Looks good! Can't help you with your question. Was it a kit or did you make it yourself? I have the same knife and the sheath is worn out. Been eyeing some of the leather crafting sites.


----------



## tinkerhell (Oct 8, 2014)

Here's the link: Tandy Leather - Large Knife Sheath Kit

I just happen to have a local tandy leather store, so I was able to just drop by and see the product for myself.

I'm not a leather crafts sort of person, so I have no plans on adding the fancy schmancy embossing.

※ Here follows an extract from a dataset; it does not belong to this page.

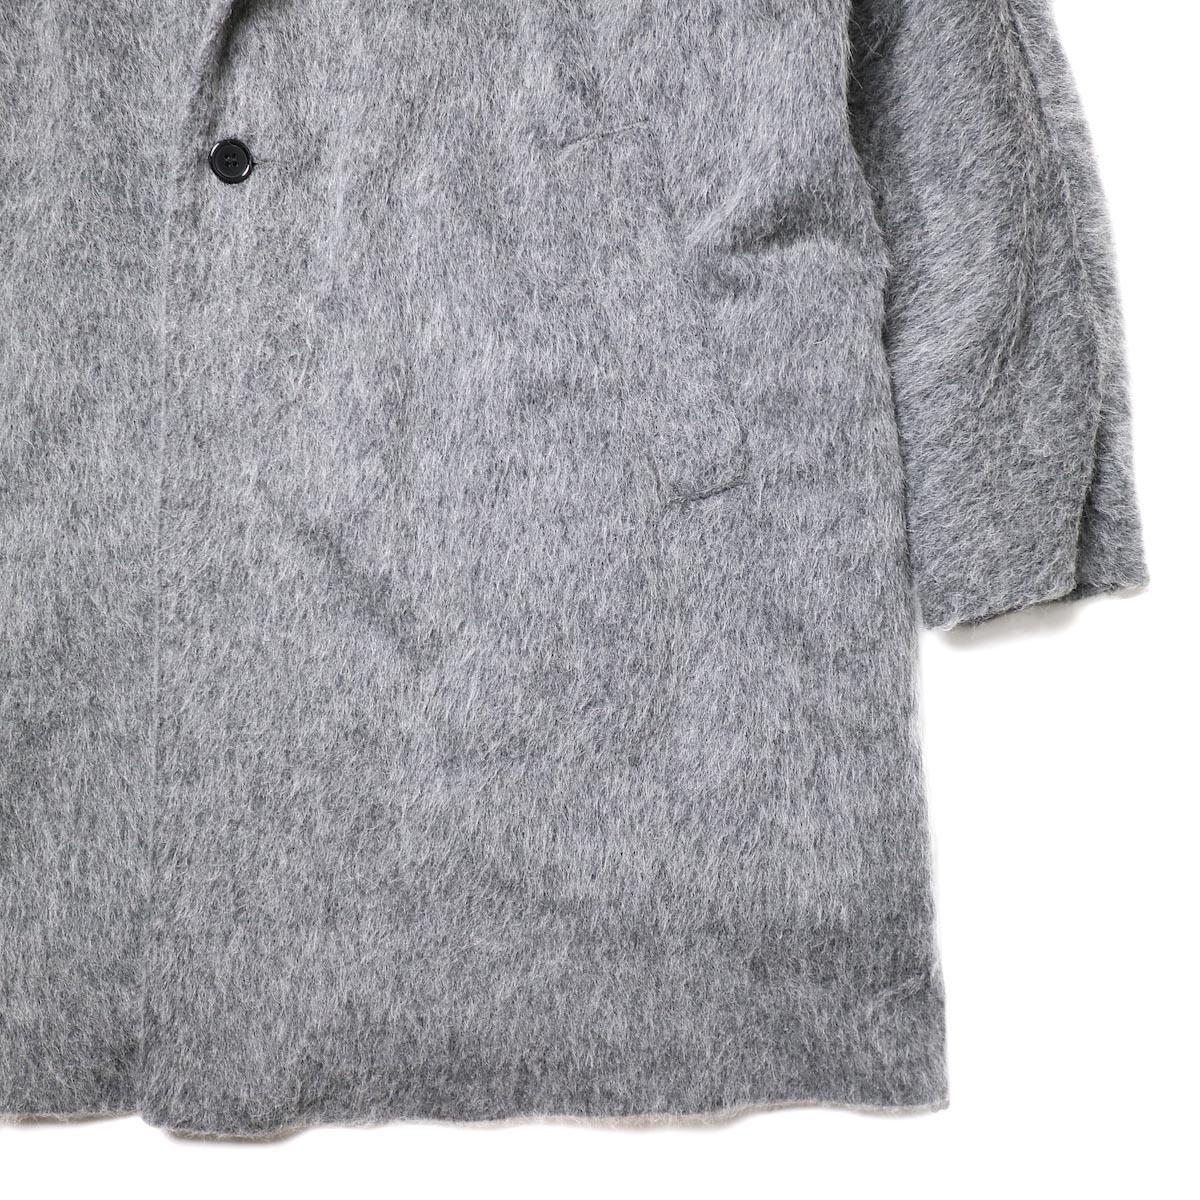 BASISBROEK / RECHT (med grey) 袖・裾

Heck, I might even cover it with duct tape :armata_PDT_23:


----------



## TacticalCanuck (Aug 5, 2014)

Hey nice job on it even if it was stitch by numbers lol. Be pretty trick if you could add a spot for a fire steel! I don't know how to preserve leather but I think you can do whatever to it finish wise just make sure it's what you want there's no sanding it off for a redo


----------



## Sasquatch (Dec 12, 2014)

You should bedazzle the hell out of it!

BeDazzler | Bedazzler Machine | As Seen On TV Store


----------



## bigwheel (Sep 22, 2014)

Looks mighty pretty. I used to rub my old baseball glove down with 3 in One. Seem to work just fine.


----------



## tinkerhell (Oct 8, 2014)

Found a basic brown polish that also protects. I like it but hoped it would be darker.


----------



## HuntingHawk (Dec 16, 2012)

Do you regularly eat or drink motor oil? It will be transferred to the blade & then any food items the blade touches.


----------



## Kauboy (May 12, 2014)

HuntingHawk said:


> Do you regularly eat or drink motor oil? It will be transferred to the blade & then any food items the blade touches.


I was curious about that approach as well.
However, I don't eat nor drink leather tanning agents either, nor leather soaps, or any other product regularly used on leather sheaths.
What is one to do? Is "natural" processed leather really even natural by the time we get it?
Unless I take it from the animal and process it myself, I can't really know what was used on it.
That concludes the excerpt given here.